Here's another one. In a similar vein my writing really kicks in in the afternoon. Yet, when on Crete with no Internet access and nothing to do with my laptop when I turn it on but write, I normally hit my target word-count by midday.

I'm sure I will enjoy it - haven't not enjoyed one of yours yet.

Andrew Neil Carpenter said...

As an occasional creative type myself, I too have suffered from the inability to write at any time other than stupid o'clock, so the chance I might be able to blame this indisposition on genetics rather than myself cheers me greatly, as I hope it does you. Also, regarding Neal's suggestion of an 8am whiskey; don't do it - whiskey before lunch inevitably means that one becomes two, two becomes twelve and before you know it, you're wrestling your agent naked in a basement bar in Soho before a crowd of braying mustachioed men who have money, and possibly other things, laid on your endeavours.

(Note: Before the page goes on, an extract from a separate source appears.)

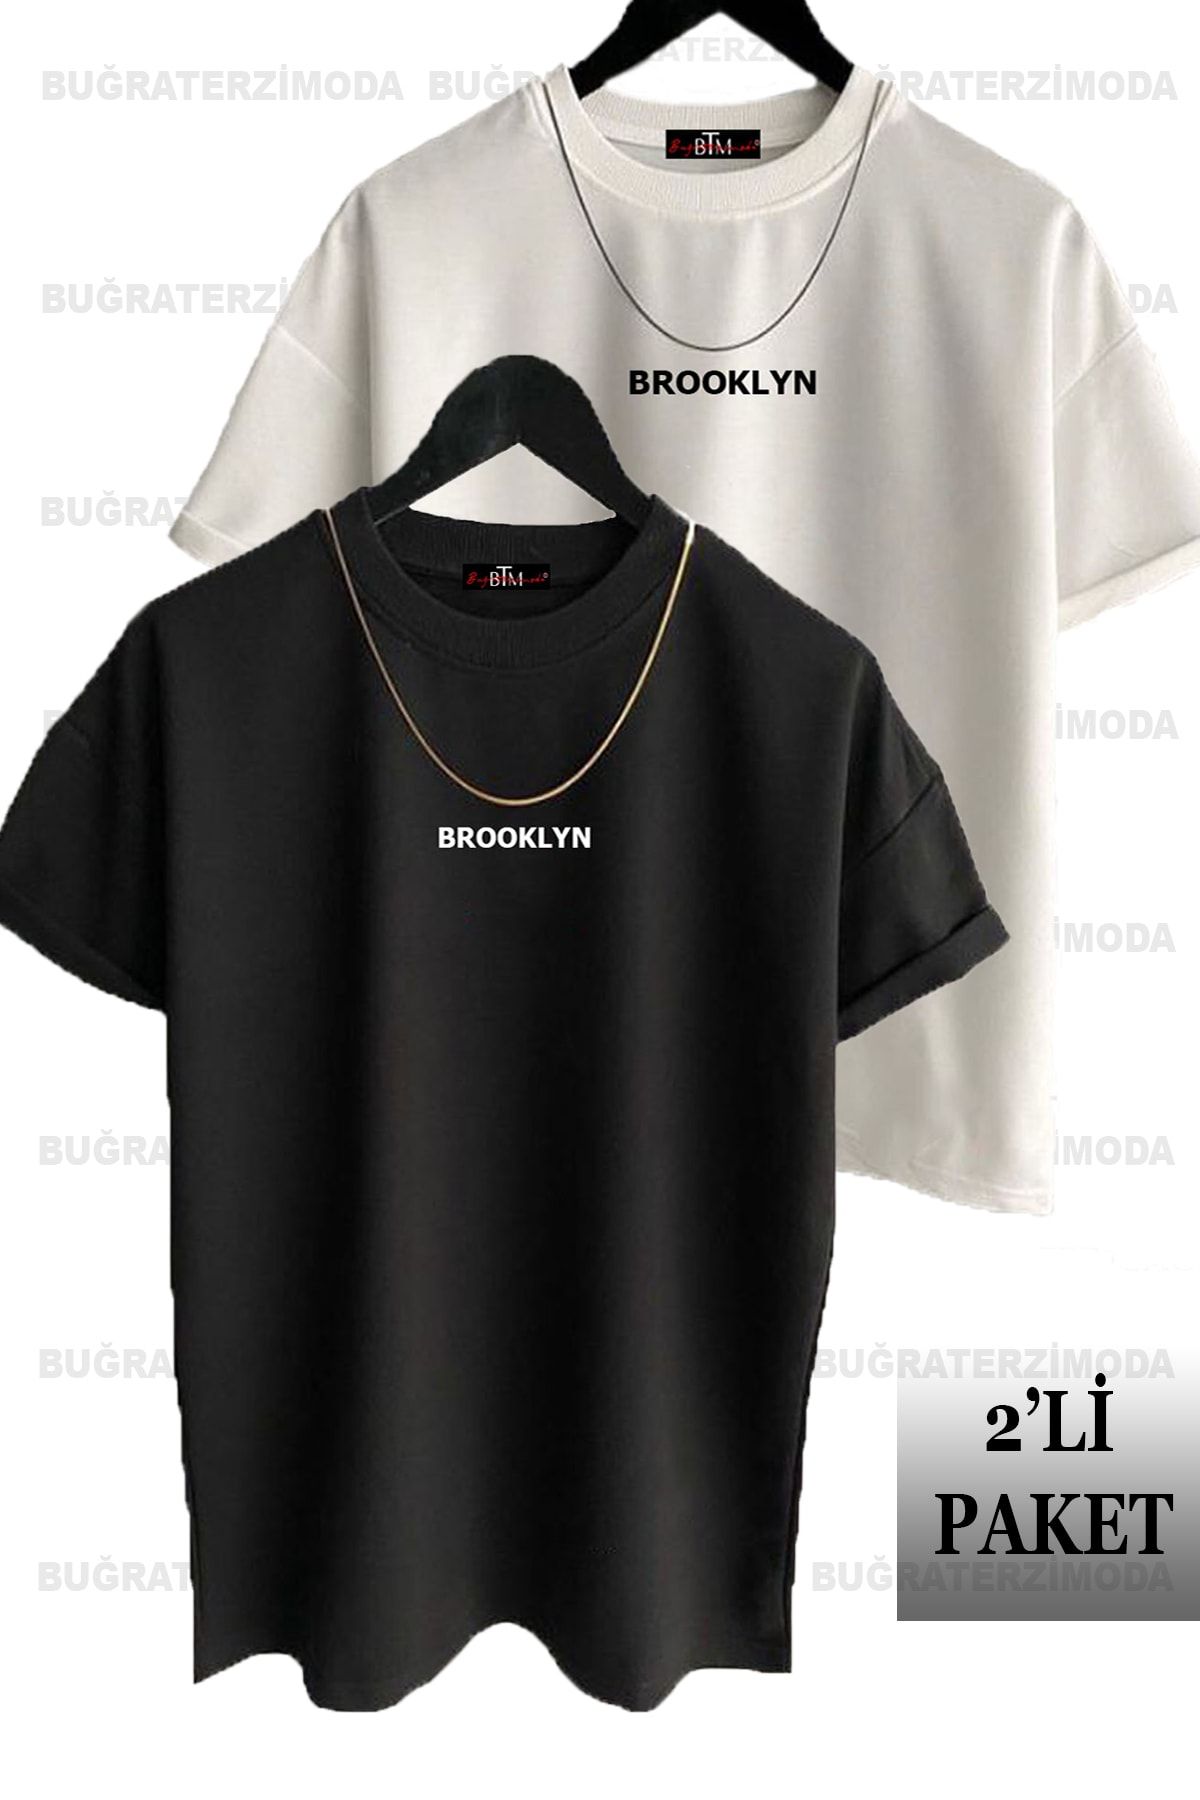 Buğraterzimoda Brooklyn Baskılı Unisex Siyah-Beyaz 2'li Oversize T-Shirt Paketi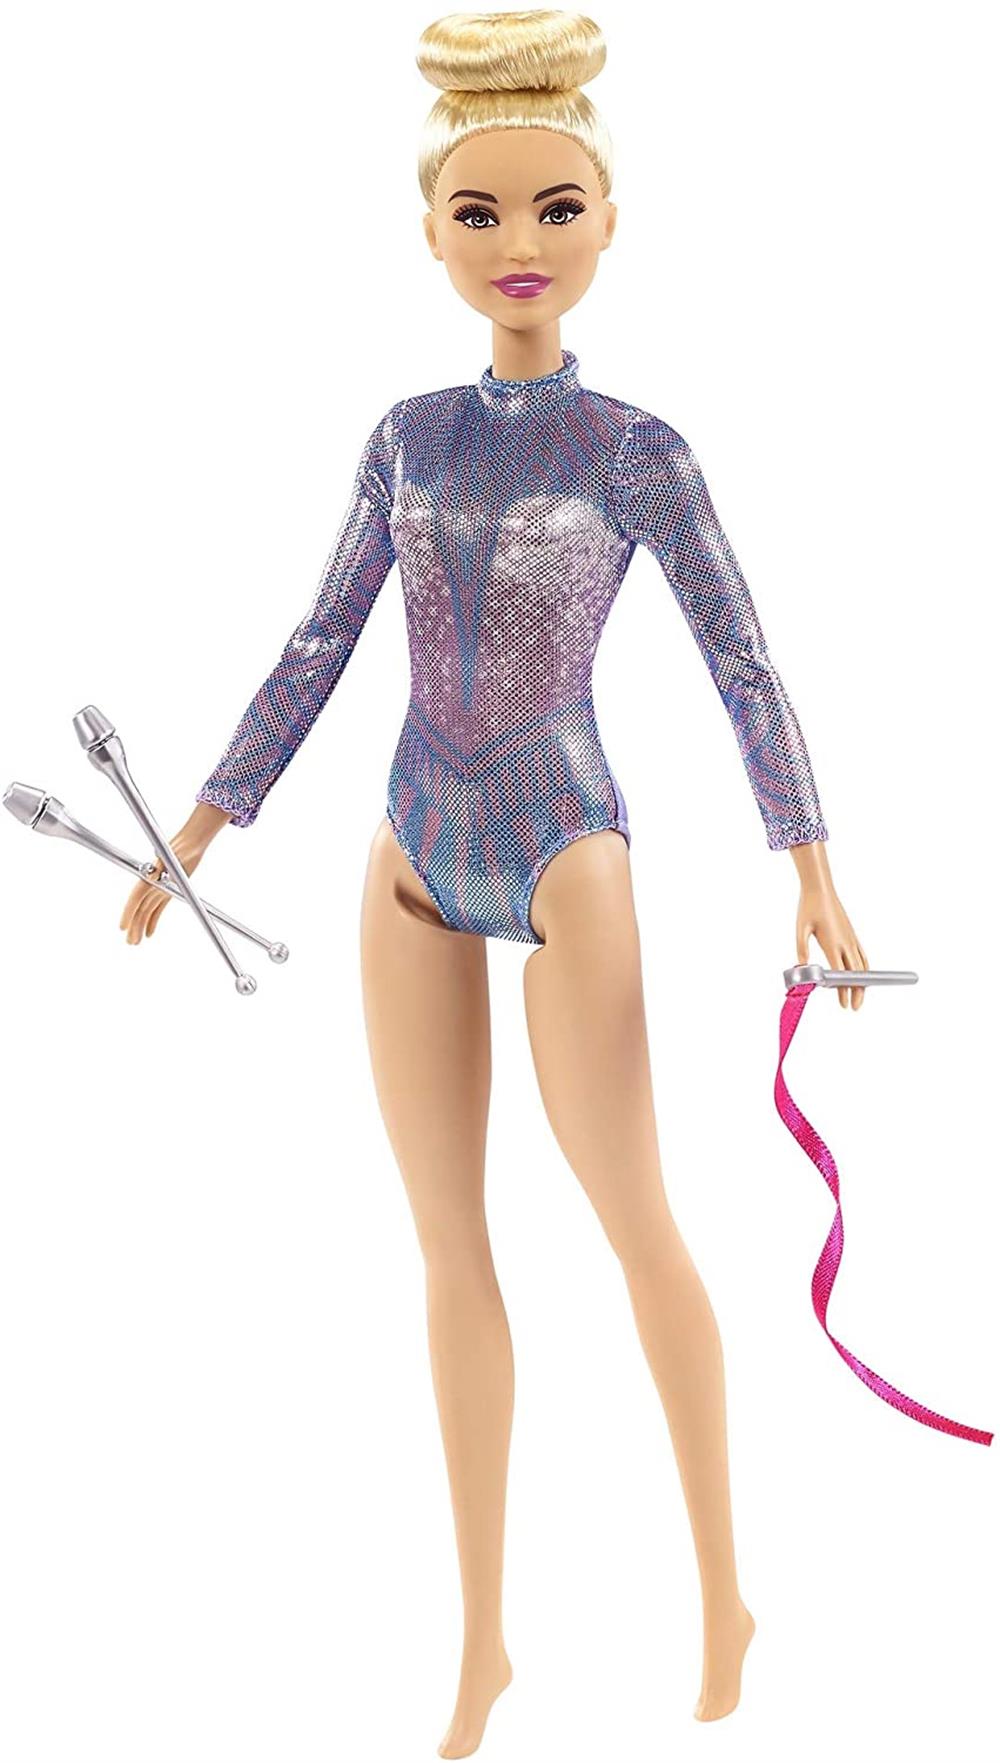 Barbie Rhythmic Gymnast Doll with Colorful Metallic Leotard, 2 Batons & Ribbon Accessory

Or maybe that's just my run of luck.
As for developing a nous for morntime scribing, have you considered All Bran? I hear that's good for everything.

Unknown said...

I recommend very highly just writing in the times that you've set aside for it. Just the habit of writing even if it's shite. I think if you just spent a week or two just typing or however you create in those time constraints you want to create you'll find yourself adapting. It takes three months to change a habit. It requires consistency and will. I know that you can do it. You must really choose to do so. Sorry I'm choppy typing on a wee phone. Good luck.

Unknown said...

I recommend very highly just writing in the times that you've set aside for it. Just the habit of writing even if it's shite. I think if you just spent a week or two just typing or however you create in those time constraints you want to create you'll find yourself adapting. It takes three months to change a habit. It requires consistency and will. I know that you can do it. You must really choose to do so. Sorry I'm choppy typing on a wee phone. Good luck.

Anonymous said...

Hi Gary,

In the past I've turned in my best work after writing at 3am to meet a deadline! And I can't even look at a pen (or keyboard) till about 12 let alone 11.

I tried giving up caffeine once. EVERYONE (boss at work, boss at home, wider family and friends) told me to start drinking coffee again ...

I am that cranky without it.

I sympathise.

I have a different problem. How do I kickstart my enthusiasm after 2-3 weeks straight of drinking and partying... how I get myself back into it? Answers on a postcard please!